Realistically, food safety cannot be assessed when food is being sold; at that point the horse would have already gone through the gate. Consider the cost impact to a food business if this reactive approach was taken: Loss due to wasted raw materials, production time and production cost. Just to be clear, there are benefits to be derived from end product testing, which includes checking if control measures were effective. However, to reduce or prevent loss to a food business, a proactive approach is important.

Increasingly people have been demanding more from the food they consume, including assurance that food is safe and of good quality. Additionally, there has been an increase in the regulatory, statutory and market requirements of the food trade. A main part of governmental responsibility is the protection of its people, under which falls food safety. Some examples of regulatory and statutory requirements are: the Public Health (Food Handling) Regulations, 1998 and the Jamaican Standard Specification for Processed Food (General). Meanwhile, for some of our major international trading partners, there are the Food Safety Modernization Act (USA), Safe Foods for Canadians Act (Canada) and General Food Law Regulation (Europe). What is common among them all is that food safety is the responsibility of the food business operator.

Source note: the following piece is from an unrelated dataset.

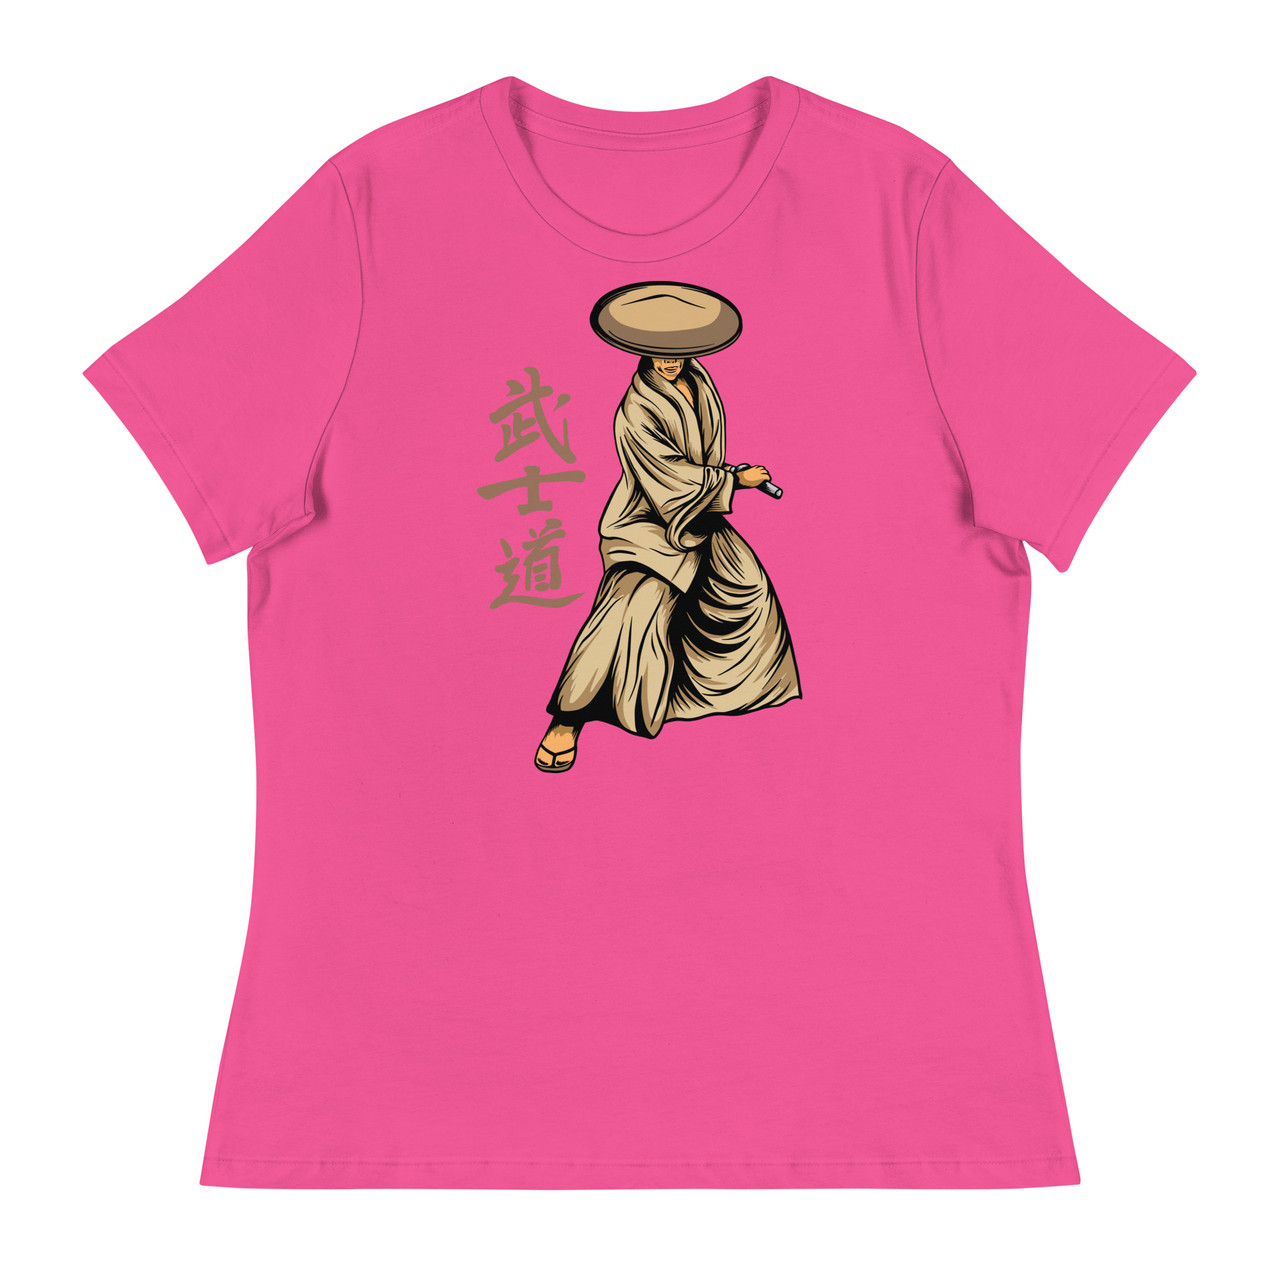 Samurai 13 Women's Relaxed T-Shirt - Bella + Canvas 6400

Food safety testing is a part of the preventive approach that is used to meet these increasing demands, so as to give an assurance of food safety. These tests include those for chemical, physical and biological hazards. Food safety testing can provide information about the quality of the food production environment; how effective the hygiene and sanitation programme is, and identify possible hot spots before they cause a problem. When considering food safety testing a food business operator must make an analytical decision as to which laboratory to use. Part of this decision-making includes what is the market requirement; for the most part this will be a test result from an accredited laboratory.

Accreditation is an official recognition when matched against a stated standard; that is, an independent organisation evaluates a laboratory's processes and competence against a defined standard. If they meet the requirement of the standard then they are approved as accredited. For Jamaica, one such independent organisation is the Jamaica National Agency for Accreditation (JANAAC). Why risk your buyer rejecting your test results? It makes sense to use an accredited laboratory.

As the World Accreditation Day joint statement says, “Accreditation has a crystal-clear objective: it aims to assure businesses, end users and regulators that testing laboratory has the required technical competence and operates impartially.” Simply put, accreditation helps food safety.